PROBLEM STATEMENT: Copy out the listing in full, exactly as written, but not its pictures.

INPUT DATA:
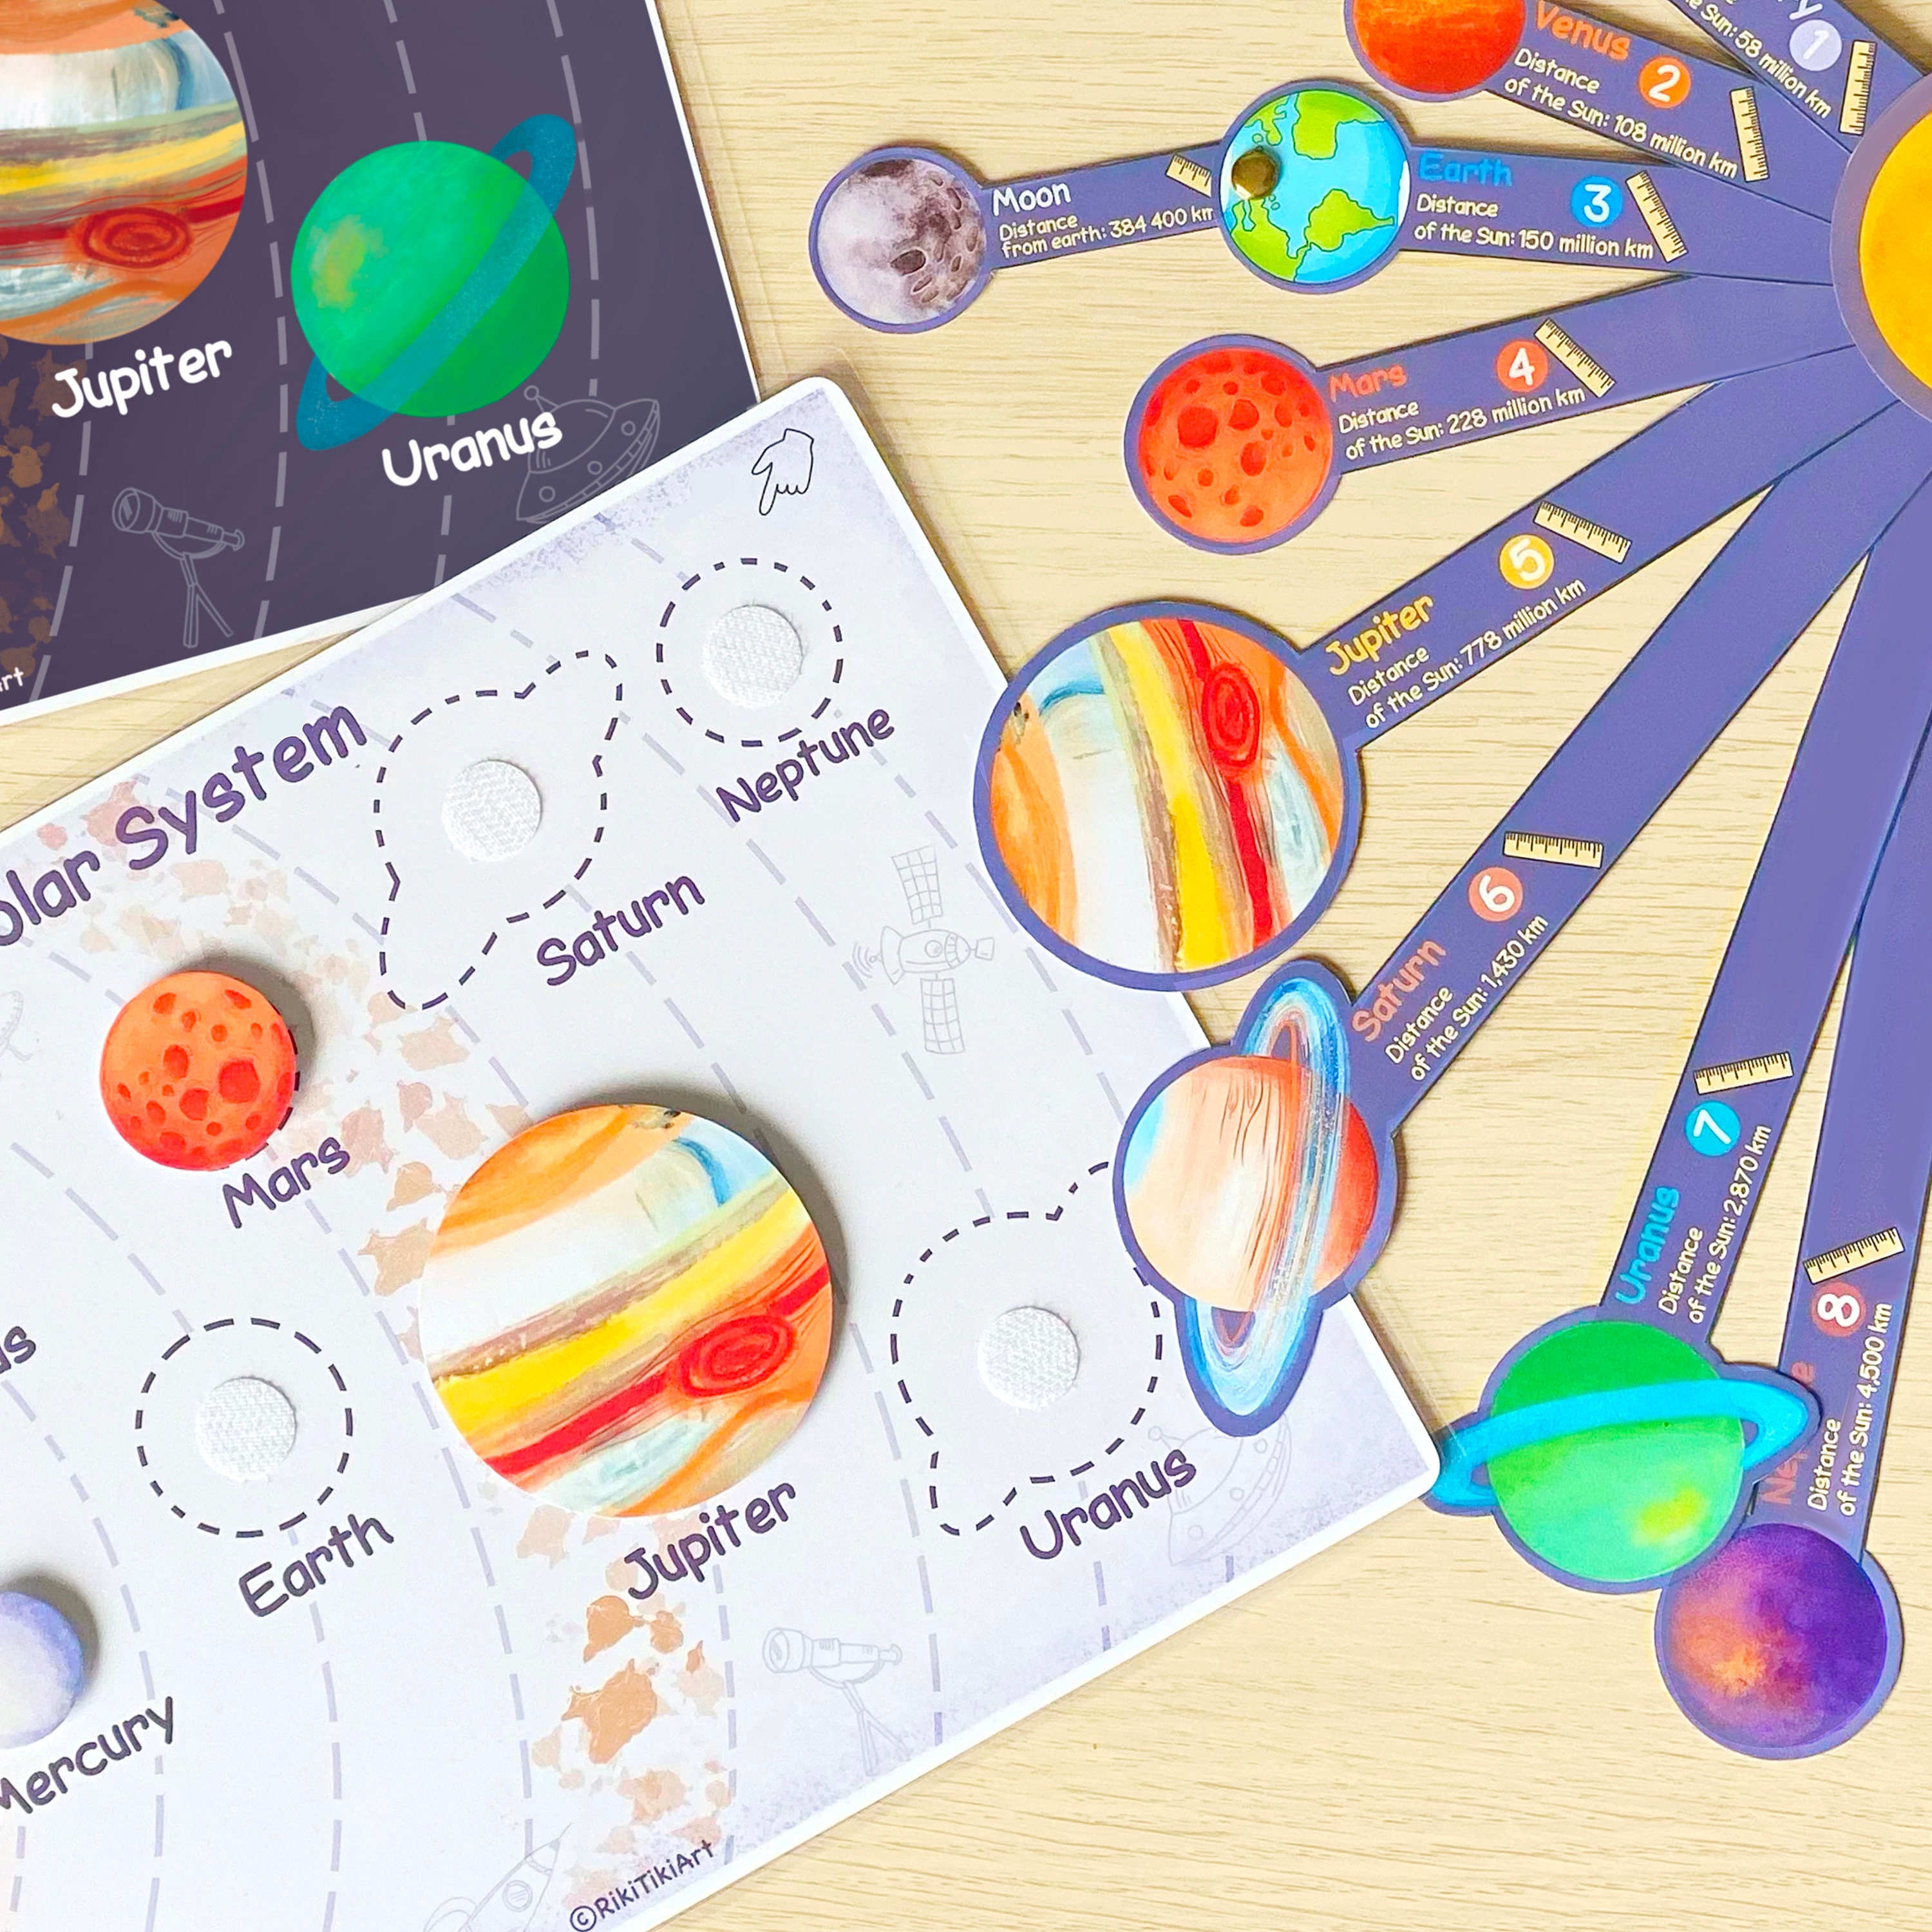 Solar System Model for Kids (Printable Templates) • Kids Activities Blog
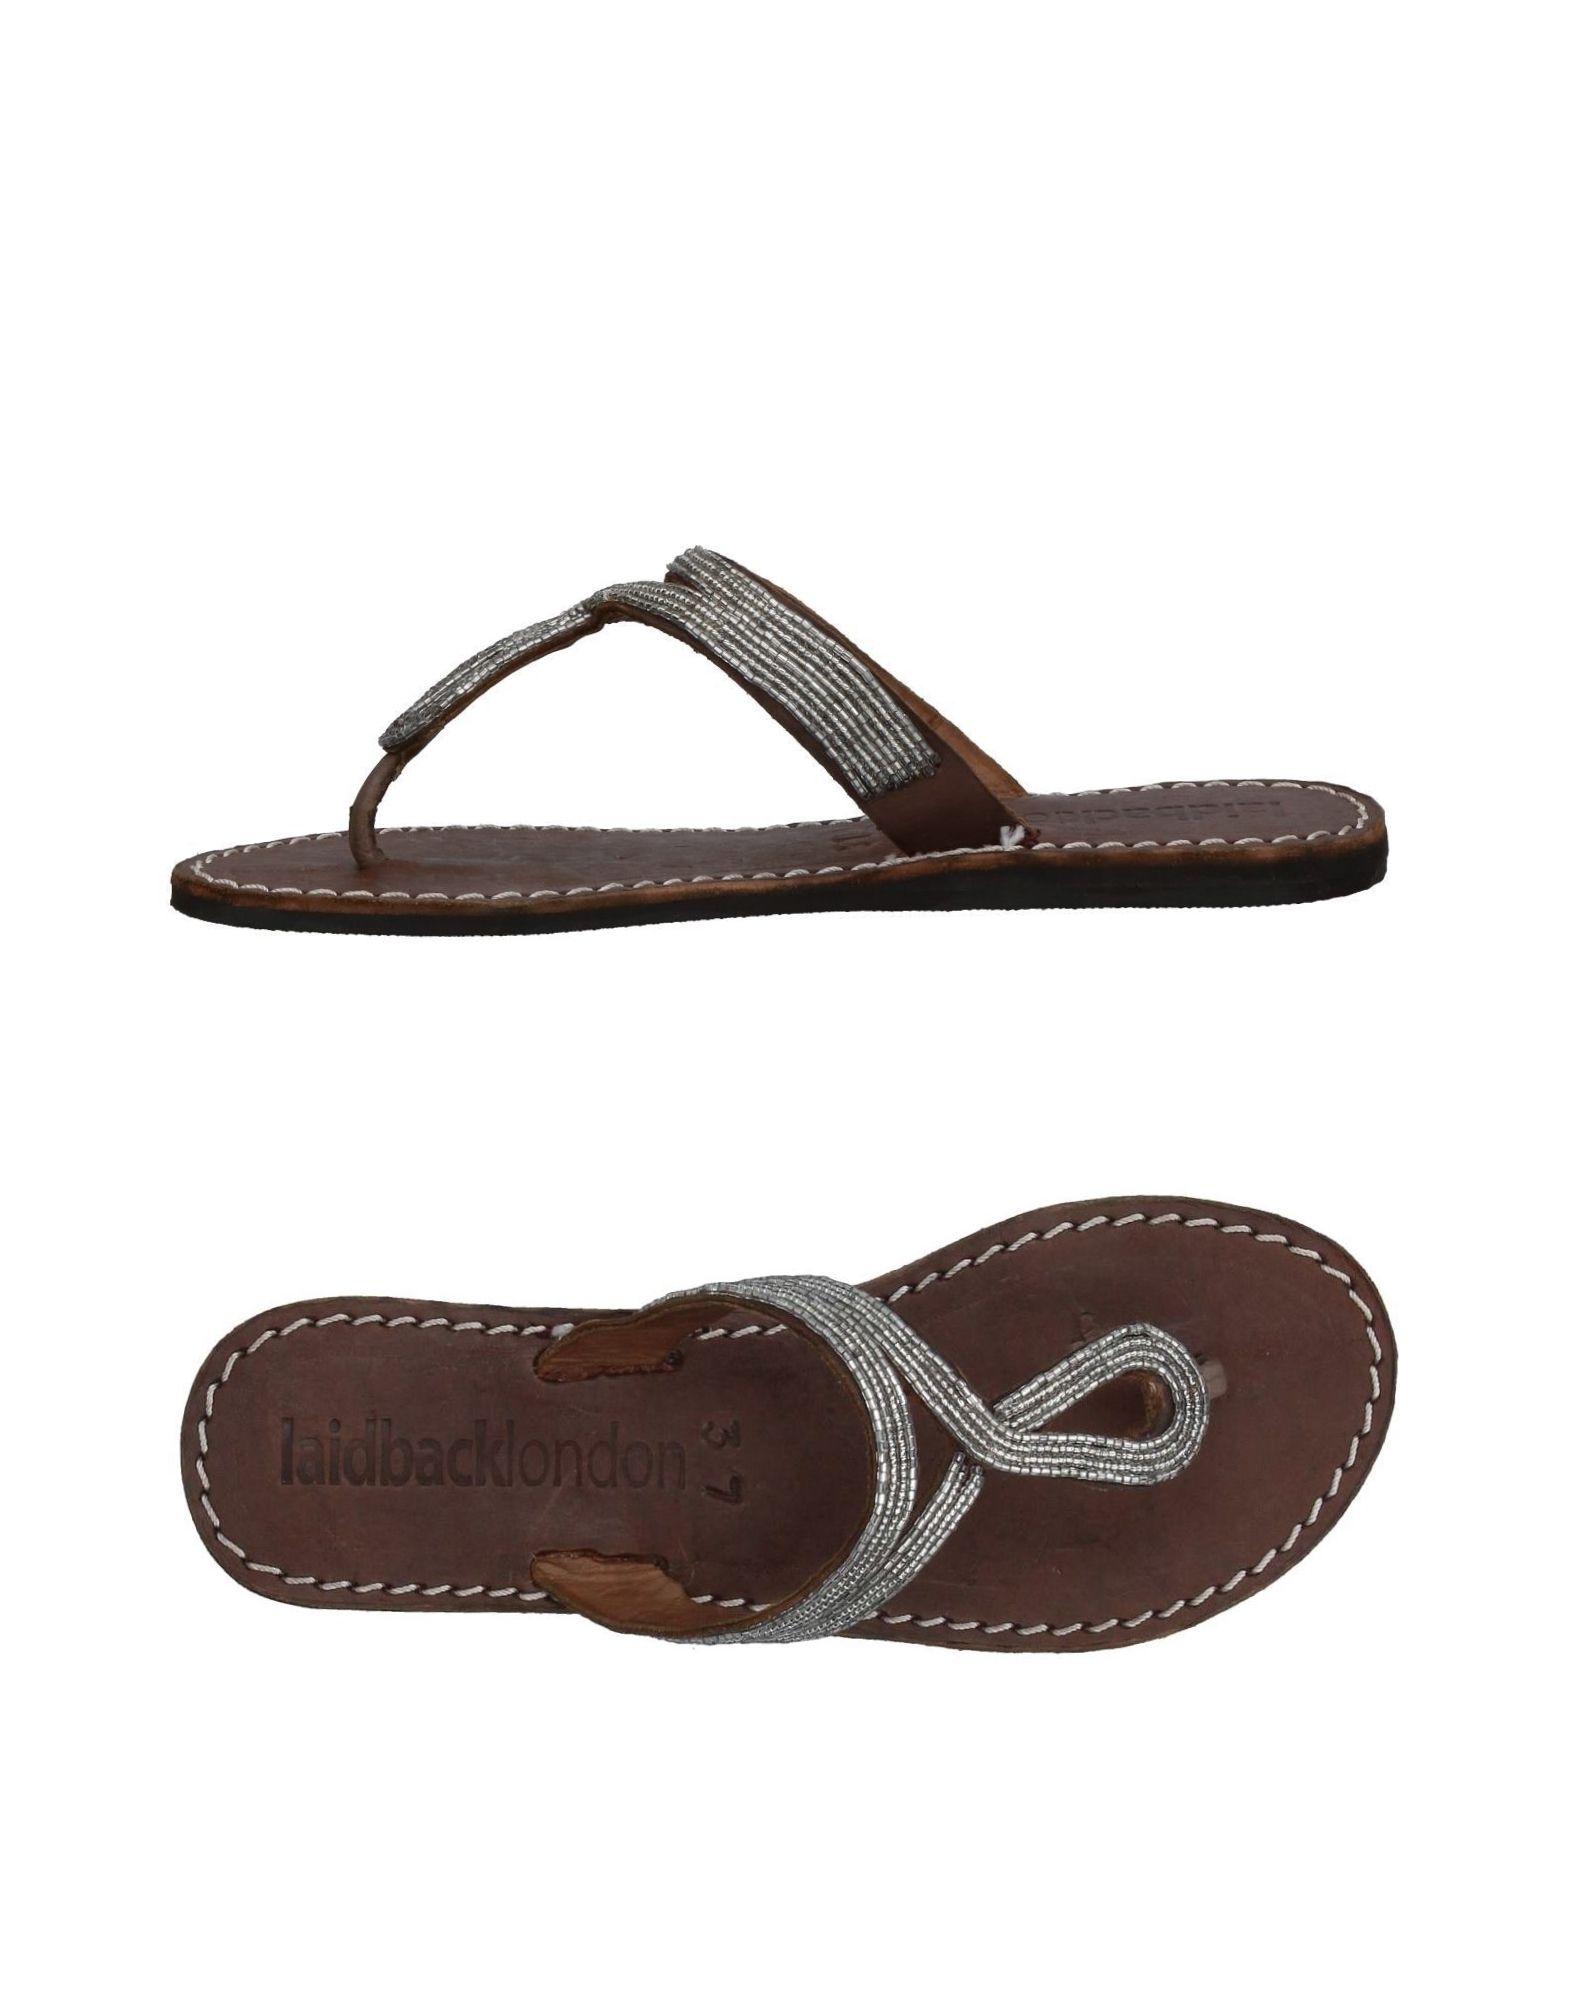 Laidbacklondon Leather Toe Post Sandal in Dark Brown (Brown) - Lyst
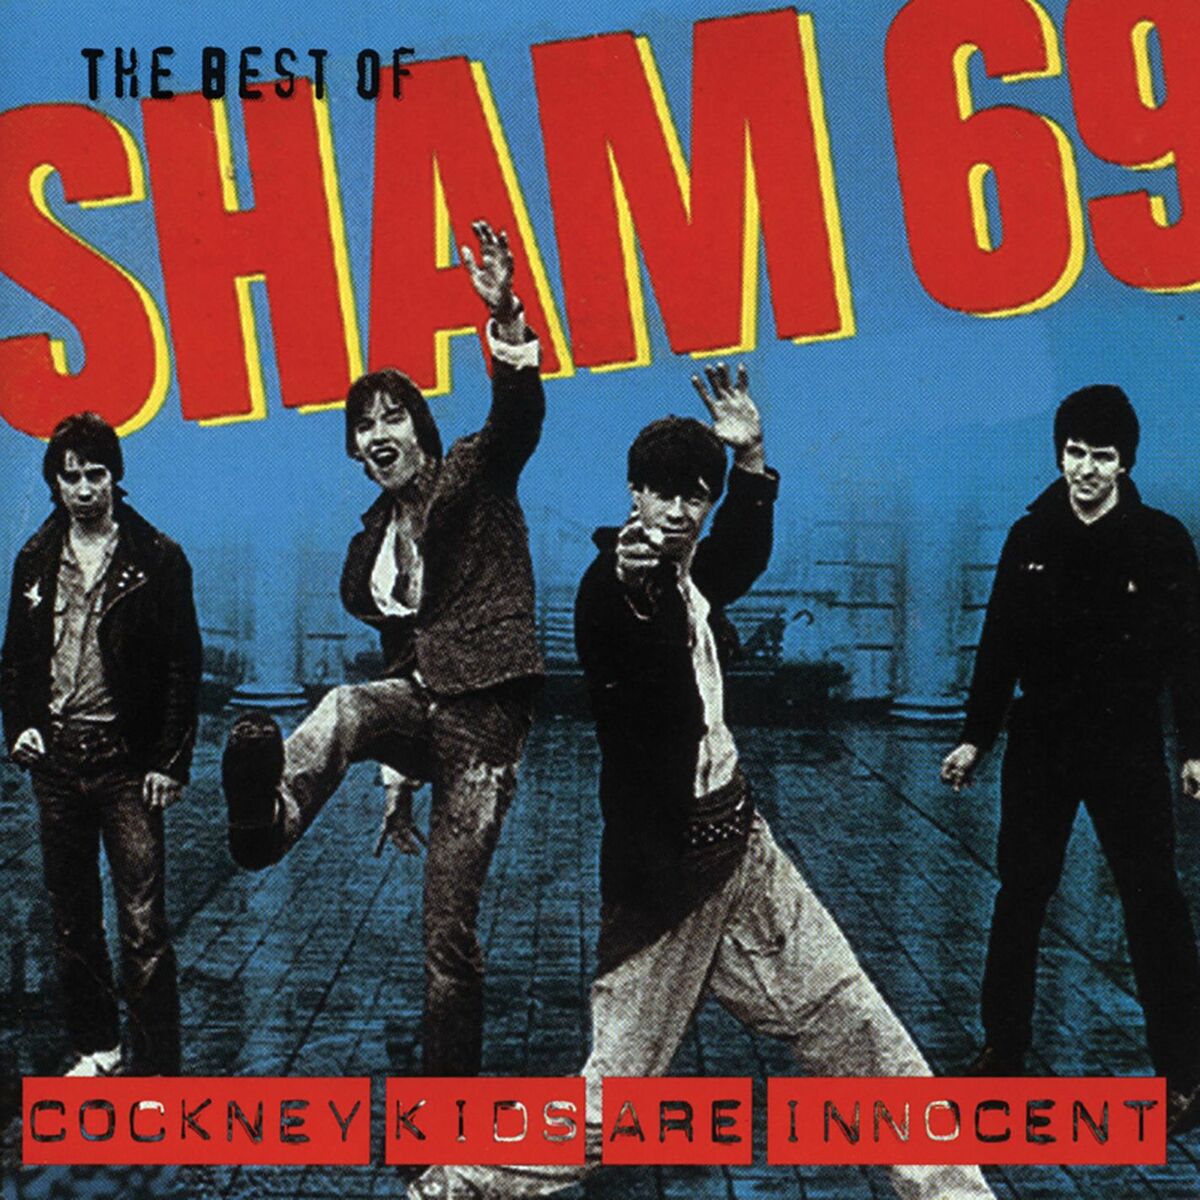 Sham 69: albums, songs, playlists | Listen on Deezer

THE ANSWER:
 Solar System Model for Kids (Printable Templates) • Kids Activities Blog
 Laidbacklondon Leather Toe Post Sandal in Dark Brown (Brown) - Lyst
 Sham 69: albums, songs, playlists | Listen on Deezer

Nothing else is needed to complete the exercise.